First, the relator’s complaint was able to survive a motion to dismiss, and it was the first of its kind to do so. Defendants argued that it was impossible for the relator to satisfy the materiality prong of the FCA, because Aerojet had disclosed to the government that it was not fully compliant with the relevant government regulations; indeed, it even sought a waiver of the requirements. The court, however, disagreed. The court found that the relator properly alleged with sufficient particularity that defendants had not fully disclosed the extent of their technical noncompliance. The court also ruled that such noncompliance was material—that is, it mattered to the government’s decision to enter into a contract with Aerojet.

Second, relator’s promissory fraud claim survived summary judgment. The relator was able at this stage of the litigation to successfully provide evidence demonstrating that the Aerojet defendants had not disclosed the true breadth of their cybersecurity noncompliance, and that these omissions could constitute a material false claim under the Act. The relator produced evidence that certain data breaches were not fully disclosed to the government by, among other things, showing a number of discrepancies between the number of cybersecurity issues identified by outside auditors and those disclosed to the government.
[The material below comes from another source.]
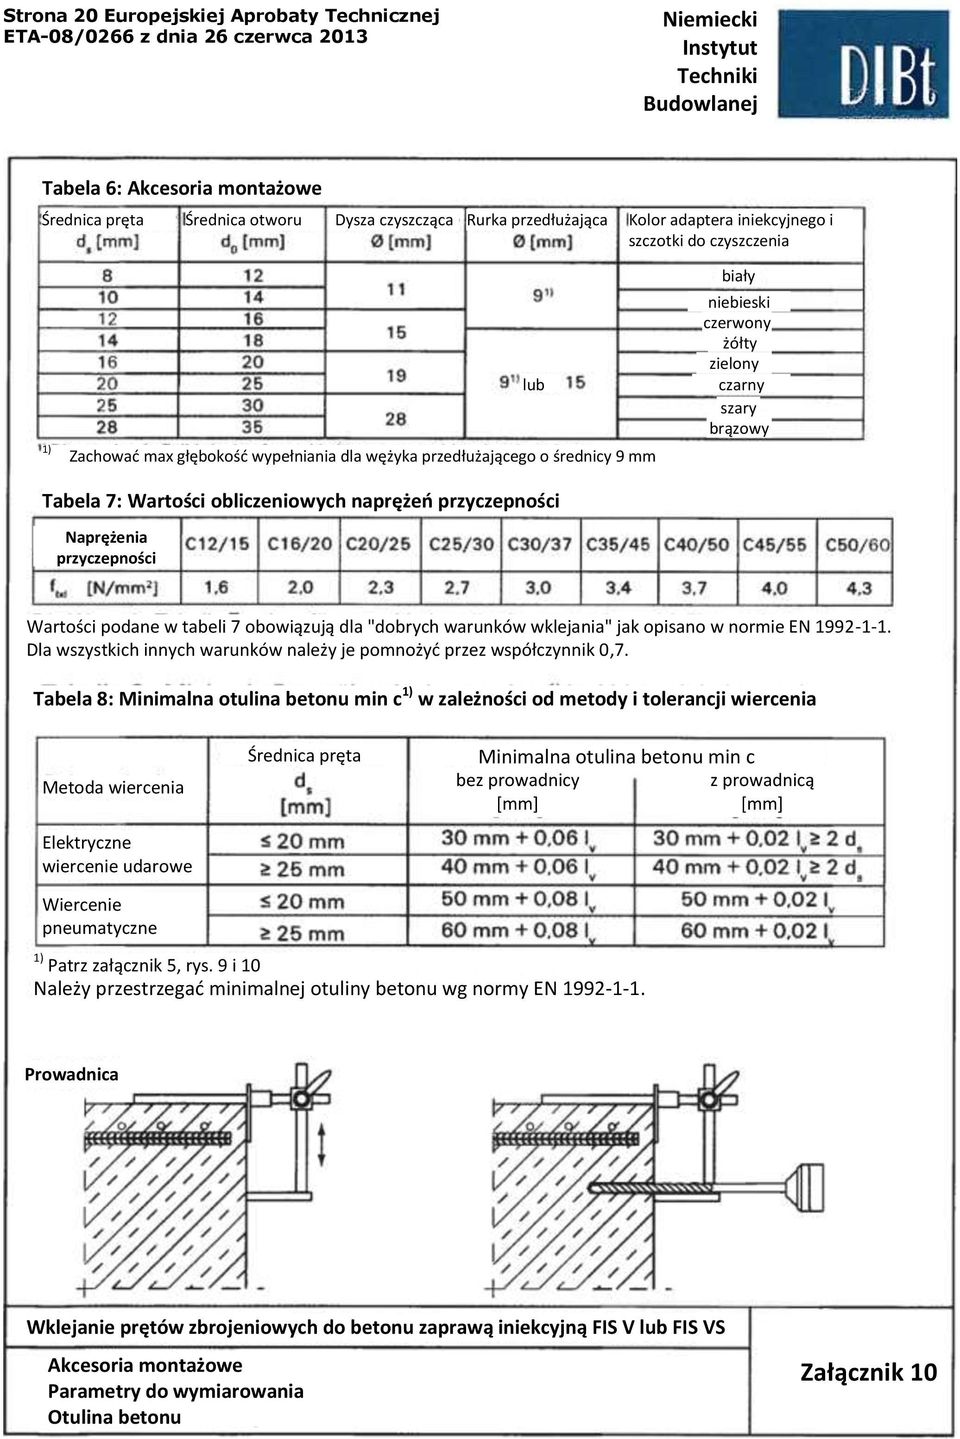 Naprężenia przyczepności Wartości podane w tabeli 7 obowiązują dla "dobrych warunków wklejania" jak opisano w normie EN 1992-1-1.

The relator was also able to avoid summary judgment on the issue of causation. The court ruled against defendants’ argument that because the government had received what it bargained for—functional rocket engines—there was no evidence of causation to connect Aerojet’s representations as to cybersecurity and the government’s decision to enter into a contract with it. Instead, the relator successfully persuaded the court that the government’s contract was not just for rocket engines, but was also for a company to satisfactorily store the government’s sensitive data on a system that met its cybersecurity requirements.

As such, Aerojet Rocketdyne proceeded to trial on April 26, 2022. The relator, no doubt buoyed by the recent summary judgment decision, sought a minimum of $2.6 billion in damages—the value of Aerojet’s government contracts from 2013 to 2015—and (quite remarkably) this figure did not include treble damages, penalties, or attorneys’ fees. The very next day, on April 27, 2022, Aerojet agreed to settle the case. Thus, while Aerojet Rocketdyne may not be the fully-litigated bellwether case for cyber-related FCA liability that everyone had hoped for, the quick settlement does demonstrate just how dangerous non-compliance with cybersecurity regulations can be.


[1] See DOJ Justice News, “Acting Assistant Attorney General Brian M. Boynton Delivers Remarks at the Cybersecurity and Infrastructure Security Agency (CISA) Fourth Annual National Cybersecurity Summit,” October 13, 2021.